It also includes the Four Over Six (4/6) technique (enabled by default), a modification to the NVFP4 quantization algorithm that evaluates two potential scale factors (max=4.0 vs max=6.0) for each block of values and selects the one with lower quantization error.
FP4 E2M1 representable values: ±{0.0, 0.5, 1.0, 1.5, 2.0, 3.0, 4.0, 6.0}
Use this recipe when:
- You are training on Blackwell GPUs with FP4 support (SM100+)
Forward/Backward Format
| Tensor | Data Type | Scale Format | Block Size |
|---|---|---|---|
| Activations | FP4 E2M1 | FP8 E4M3 + FP32 | 16 |
| Weights | FP4 E2M1 | FP8 E4M3 + FP32 | 16x16 (2D) |
| Gradients | FP4 E2M1 | FP8 E4M3 + FP32 | 16 |
Parameters
| Parameter | Default | Description |
|---|---|---|
fp4_backend | cutlass | Matmul backend: cutlass (default) or cudnn |
no_fp4_stochastic_rounding | false | Disable stochastic rounding for gradients |
skip_quant_first_layers | 0 | Skip quantization for first N layers (keep in BF16 for stability) |
skip_quant_last_layers | 0 | Skip quantization for last N layers (keep in BF16 for stability) |
Backend Selection
- cutlass (default): Uses CUTLASS with Sm1xxBlkScaledConfig interleaved scale layout. Supports alpha fusion in epilogue for direct BF16 output.
- cudnn: Uses cuDNN with F8_128x4 scale swizzling layout.
Both backends implement the same quantization strategy; choose based on performance benchmarks for your workload.
Weight Caching (SM100+)
On Blackwell GPUs (SM100+), FP4 weight caching is enabled by default to eliminate per-forward weight quantization overhead.
How it works:
- Weights are pre-quantized to FP4 format with CUTLASS-optimized layout during model initialization
- The cached FP4 weights (packed data + FP8 block scales + global amax) are reused across forward passes
- A separate transposed weight cache is maintained for the backward pass (dgrad)
Requirements:
- Blackwell GPU (SM100+)
- ZeRO-3/FSDP weight streaming disabled (weights must be static on device)

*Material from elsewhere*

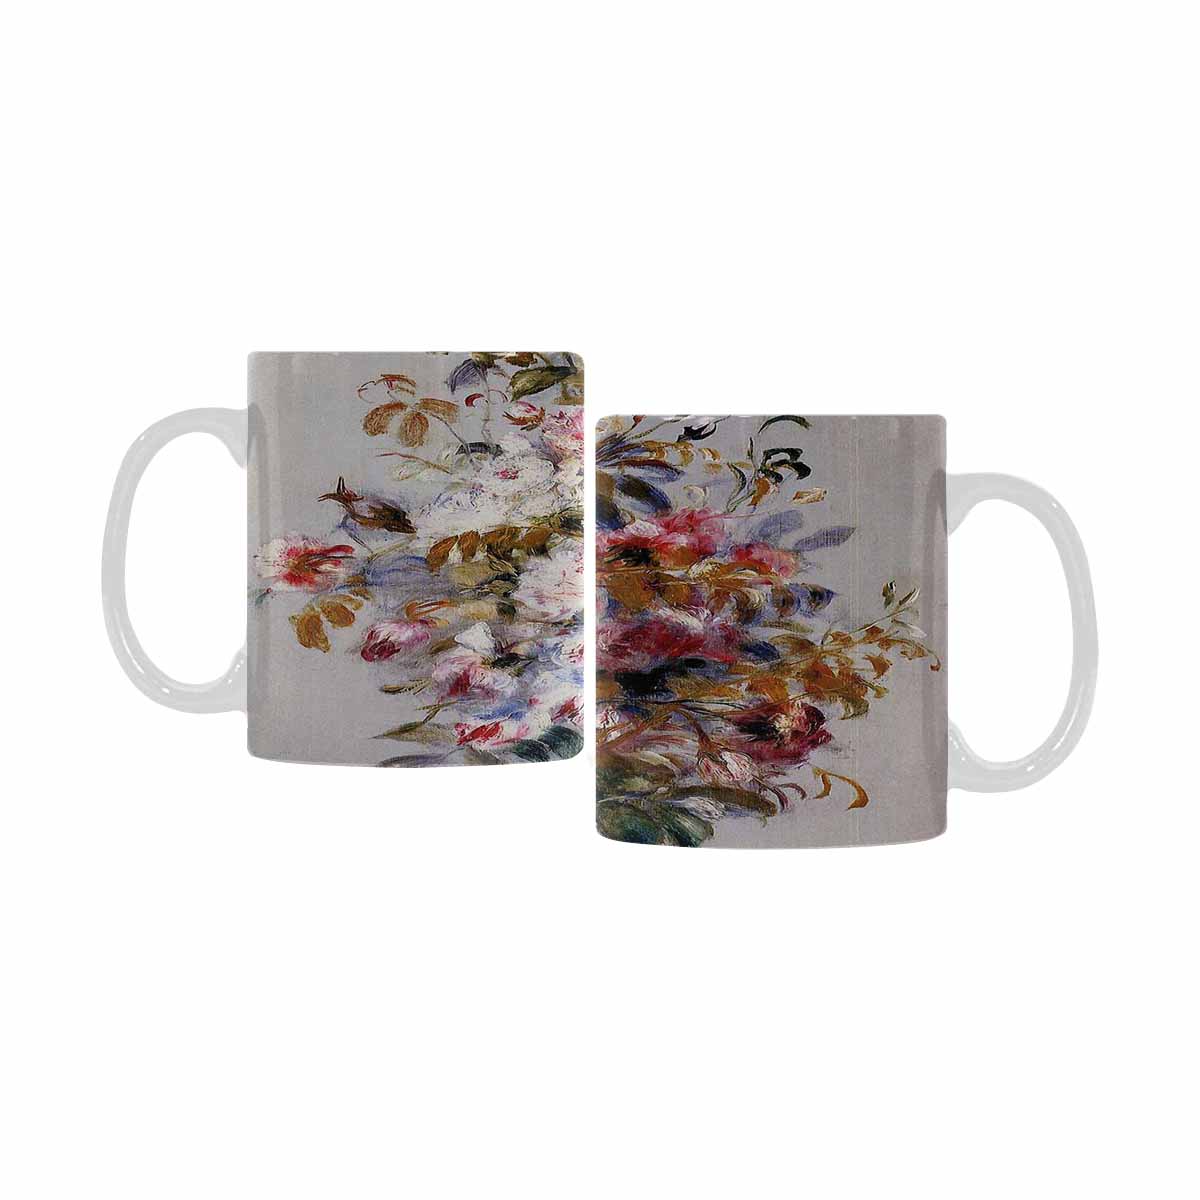 Vintage floral coffee mug or tea cup, Design 12

- Best suited for LoRA/QLoRA fine-tuning where base weights are frozen
Stability Tips
- Use
skip_quant_first_layers: 1to keep embedding layer in BF16 - Use
skip_quant_last_layers: 4if training is unstable (keeps lm_head layers in BF16) - Random Hadamard Transforms and stochastic rounding are recommended (enabled by default)
Example
recipe: nvfp4
skip_quant_first_layers: 1
skip_quant_last_layers: 4
Mixed-Precision Training
Surogate is a versatile framework that supports mixed-precision training using a combination of numerical formats to optimize memory usage and computational speed while maintaining model accuracy.
The framework provides the following parameters to configure the precision of different components during training:
| Parameter | Options | Description |
|---|---|---|
| matmul_dtype | fp32, bf16, e4m3 | Data type for matrix multiplications. Defaults to model_dtype. e5m2/fp16/e2m1 not supported for forward pass. FP8 requires SM89+ (Ada/Hopper) |
| gradient_dtype | fp32, bf16, e5m2 | Data type for activation gradients and backward matmuls. Defaults to matmul_dtype. fp16/e4m3/e2m1 not supported. fp8-hybrid recipe forces e5m2 |
| master_dtype | fp32, bf16 | Master weight dtype for optimizer updates. Defaults to model_dtype. Only fp32 and bf16 are supported |
| model_dtype | fp32, bf16 | Data type for non-matmul weights (RMSNorm, embeddings) and activations. Defaults to bf16. Other dtype params fall back to this. Only fp32/bf16 supported by kernels |
| lora_dtype | fp32, bf16 | LoRA adapter master weights dtype for optimizer/export. Defaults to fp32. Work weights converted to model_dtype for compute. Only fp32↔bf16 conversion supported |
Matmul Dtype and Gradient Dtype
Note on recipe behavior: The matmul_dtype and gradient_dtype parameters are only respected when using the default bf16 recipe. When using fp8-hybrid or nvfp4 recipes, these parameters are overridden:
| Recipe | Forward matmul | Backward matmul |
|---|---|---|
bf16 | matmul_dtype | gradient_dtype |
fp8-hybrid | e4m3 (forced) | e5m2 (forced) |
nvfp4 | e2m1 (forced) | e2m1 (forced) |
Supported Matmul Dispatches
The following dtype combinations are supported for matrix multiplications:
| A (input/weight) | B (input/weight) | C (output) | Use Case |
|---|---|---|---|
| fp32 | fp32 | fp32 | Full precision training |
| bf16 | bf16 | fp32 | Mixed precision (BF16 compute, FP32 accumulate) |
| bf16 | bf16 | bf16 | Pure BF16 training |
| e4m3 | e4m3 | fp32 | FP8 forward pass |
| e4m3 | e4m3 | bf16 | FP8 forward pass (BF16 output) |
| e4m3 | e5m2 | bf16 | FP8 backward pass (weight × gradient) |
Master Weights Dtype
The master_dtype parameter controls the precision of master weights - the authoritative copy of model weights used for:
- Optimizer updates
- Checkpointing
- Weight synchronization
Work weights vs Master weights:
- Work weights: Used for forward/backward passes
- Master weights: Used for optimizer updates
When master_dtype differs from model_dtype or matmul_dtype, separate storage is allocated:
- Master weights are updated by the optimizer
- Work weights are converted from master weights before each forward pass
Model Dtype
The model_dtype parameter is the fundamental dtype that controls the precision of non-matmul parameters and activations.
LoRA Dtype
The lora_dtype parameter controls the precision of LoRA adapter master weights.